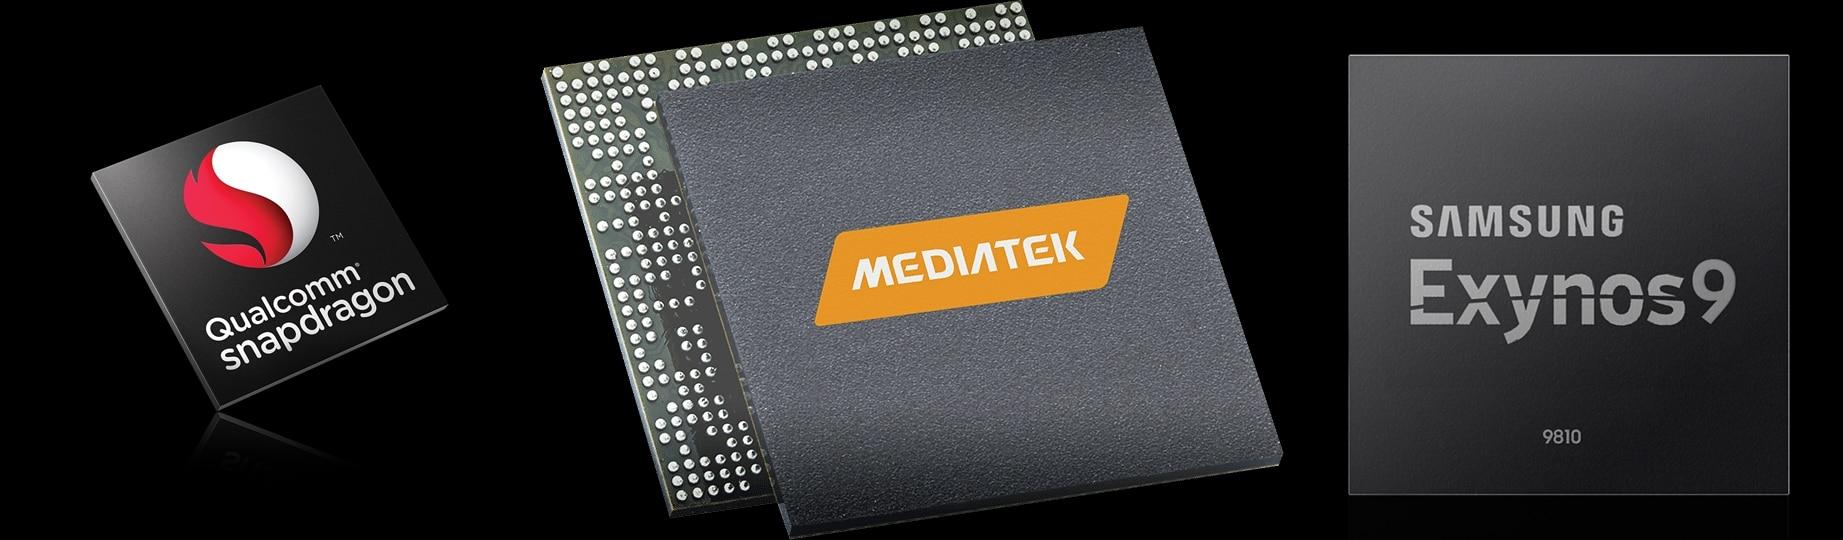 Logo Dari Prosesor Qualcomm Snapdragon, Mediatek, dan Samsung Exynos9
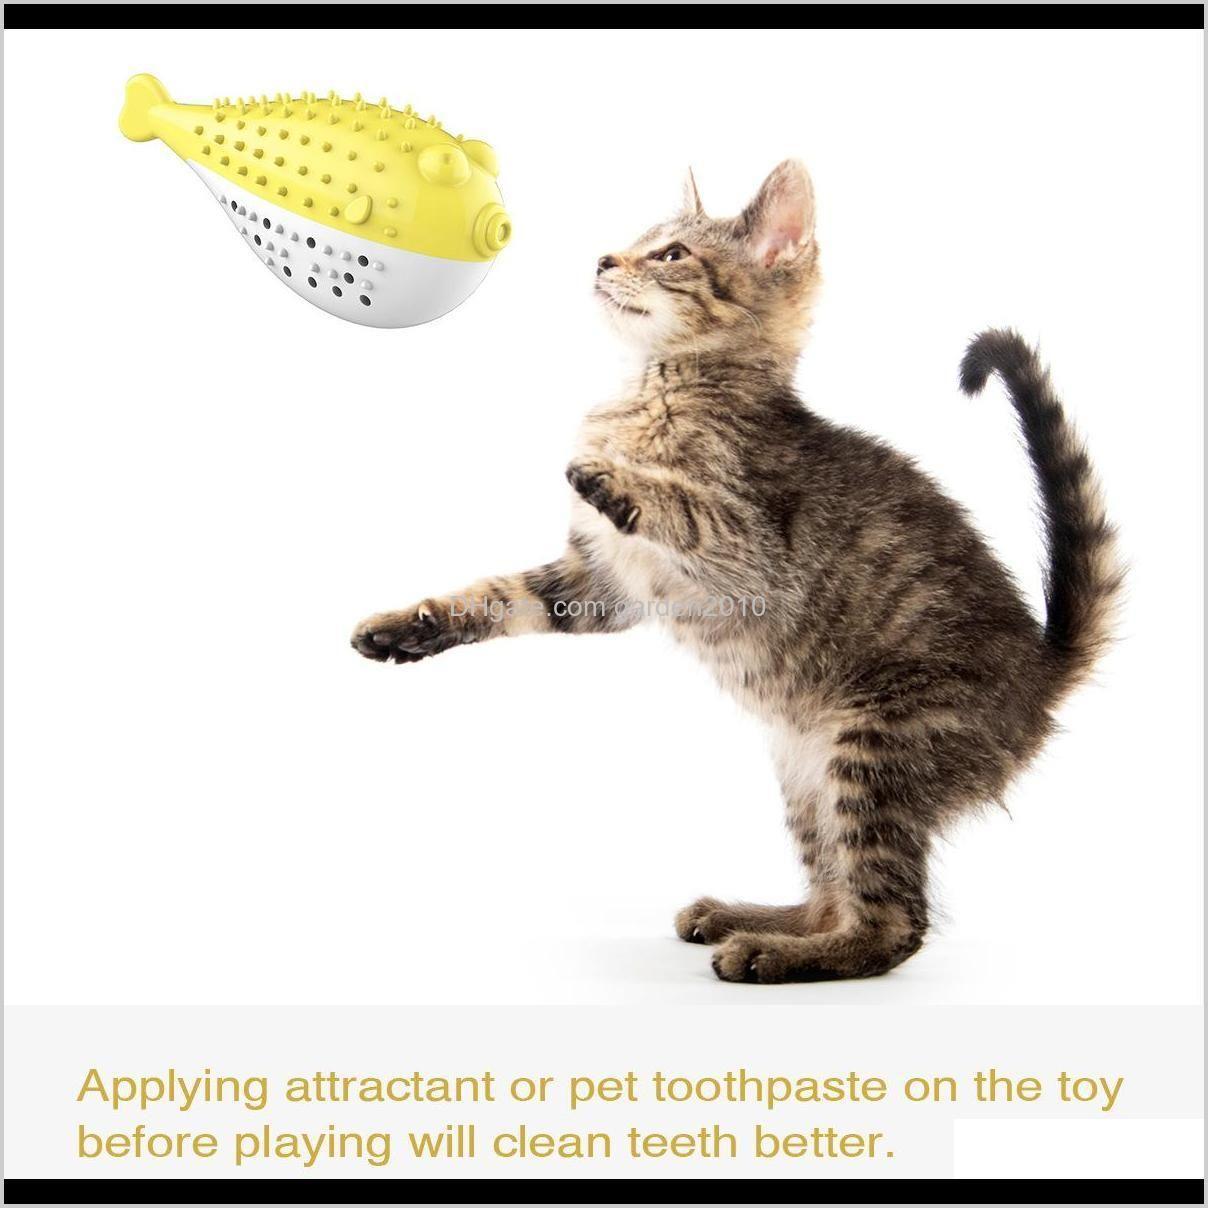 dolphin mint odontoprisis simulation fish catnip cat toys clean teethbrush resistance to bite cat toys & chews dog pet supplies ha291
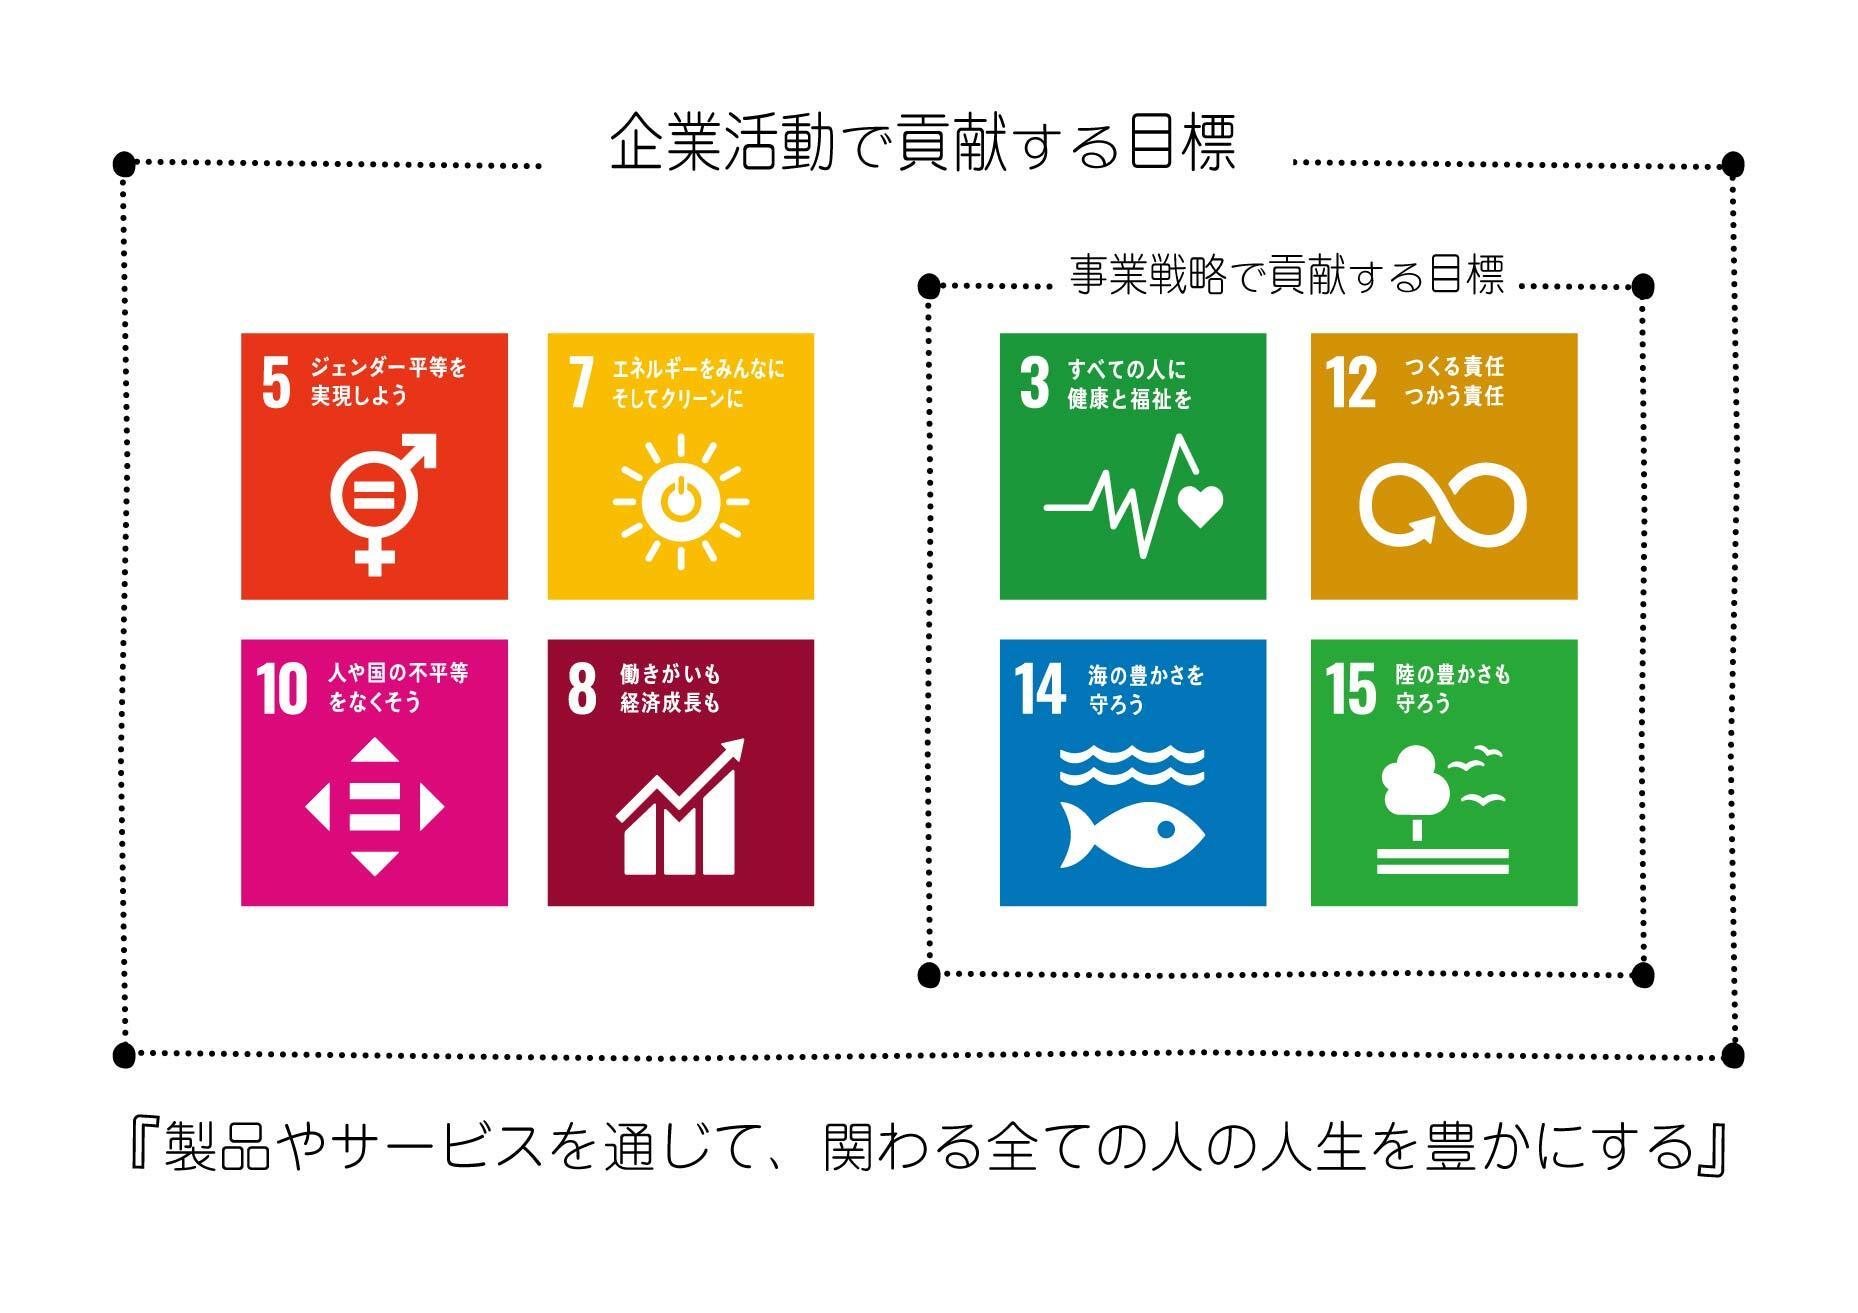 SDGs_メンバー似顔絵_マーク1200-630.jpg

-------------------------

**TASK OBJECTIVE:** Copy out the data above to the letter, and keep every picture out of it.

**ANSWER TO THE PROBLEM:**
 Logo Dari Prosesor Qualcomm Snapdragon, Mediatek, dan Samsung Exynos9
 dolphin mint odontoprisis simulation fish catnip cat toys clean teethbrush resistance to bite cat toys & chews dog pet supplies ha291
 SDGs_メンバー似顔絵_マーク1200-630.jpg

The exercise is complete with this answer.